Первый год Майка в качестве егеря прошел с блеском. Его второе убийство вошло даже в книгу рекордов, а потом ему повезло еще больше: его нанял Хулио Санчес, великий охотник из Коста-Рики. Те два года, что Санчес провел на Эсмеральде, Альбани жил как сыр в масле.
Потом Санчеса убили, что рано или поздно случается даже с самыми лучшими, и все пошло под откос. В городе стали говорить, что Альбани потерял прежний нюх и фантазию, что у него егерский застой – а с неудачливым егерем работать, само собой, никому не хотелось. Кончилось тем, что Альбани стал дежурить в аэропорту и ловить там приезжих.

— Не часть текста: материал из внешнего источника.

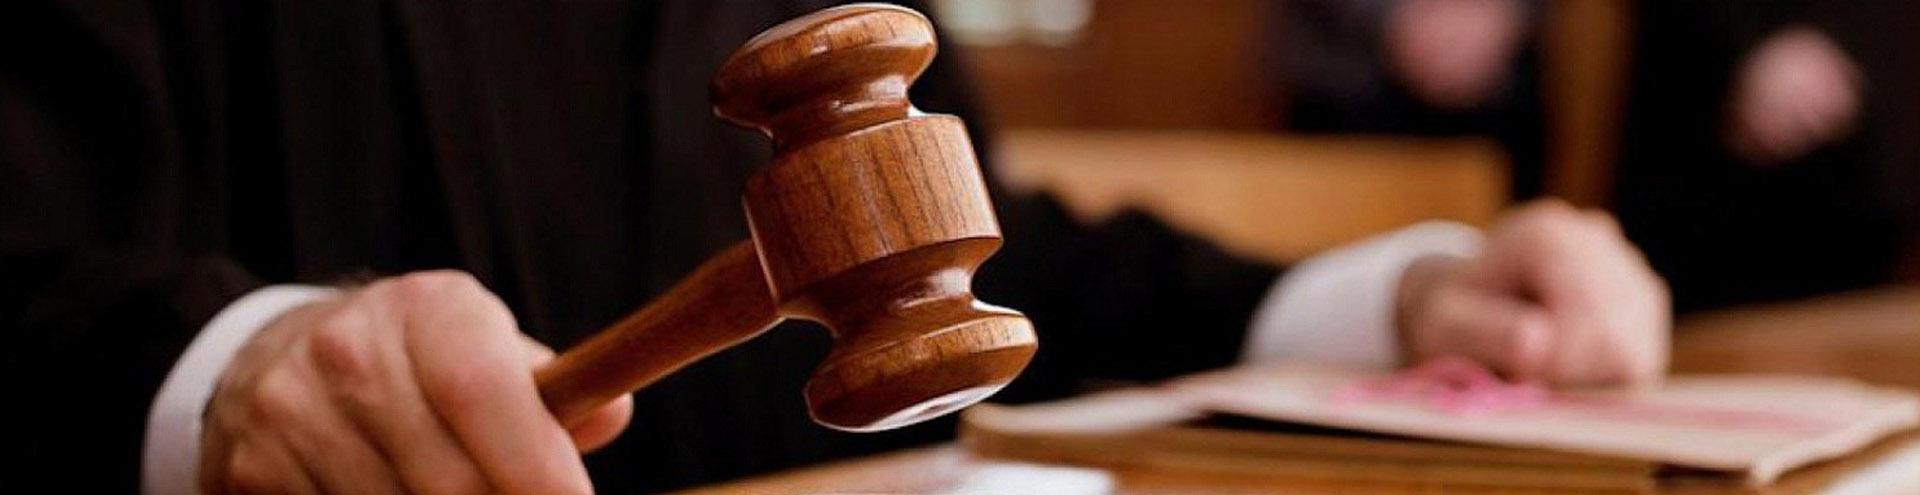 арбитражные споры в Самаре

В Мире Охоты взлет и падение совершаются очень быстро. Альбани пытался снова взобраться наверх, но единственным его клиентом пока что был Джеффрис – эксцентричный малообещающий англичанин.

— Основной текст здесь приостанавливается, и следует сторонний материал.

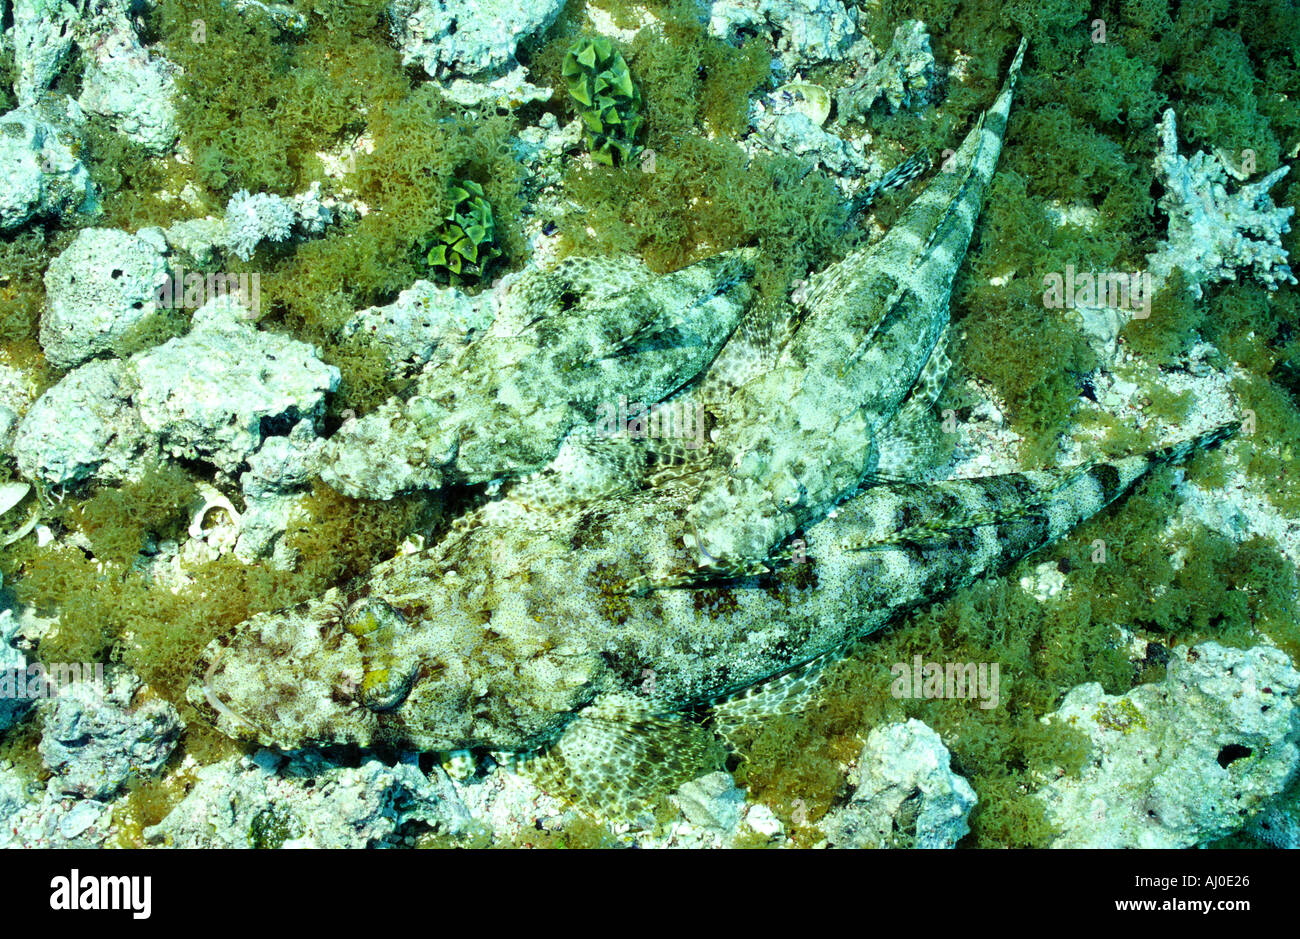 Crocodile fish in the wild. - Stock Image

Майк остро нуждался в успехе. Егерям, подобно охотникам и жертвам, платит Охота – и клиенты, и государство. Но если клиента убивают, из гонорара егеря вычитается штраф плюс десять процентов на судебные издержки. Трех последних клиентов Альбани потерял, штраф ему с каждым разом начисляли все выше, так что теперь он оказался на лезвии бритвы. Если Джеффрис убьет свою жертву, Майк продержится еще какое-то время. Если проиграет, Майка опять оштрафуют, и крах станет вопросом дней.
Крах в Мире Охоты означает официальную деэмансипацию. Ты объявляешься рабом, твое имущество конфискуется, а тебя отправляют на принудительные работы – может статься, и на свиноферму навоз убирать.
– Микеланджело, давай вернемся в Дорчестер, – внезапно сказала Тереза.
– Нет. Я там все еще в розыске.
– Ну еще куда-нибудь, Америка большая.
– И что? Голодать, оплачивая покупки в рассрочку? Спасибо. Мне нужен прорыв, вот и все. Эх, найти бы второго Санчеса.
– Да, Санчес был хорош. Вы с ним были первоклассной командой. Но его убили, и следом пришел Антонелли.
– Не напоминай.
– Что же нам делать, Майк?
– Джеффрис убьет, и мы выправимся. Или этот новый, Гарольд, нас вытащит.
– А если нет?
– Тогда я возьму суицидальную ссуду и оставлю ее тебе.
– Одни разговоры. Ты всегда грозишься покончить с собой, когда дела плохи.
– На этот раз я исполню угрозу. – Майк встал. – Прямо сейчас. Кому тогда будешь жаловаться?
Тереза, понимая, что это скорей всего блеф, все-таки испугалась и сказала дрожащим голосом:
– Не надо, Альбани.
– То-то же, – сказал он и сел. – Помни, главное, что со мной ты не пропадешь.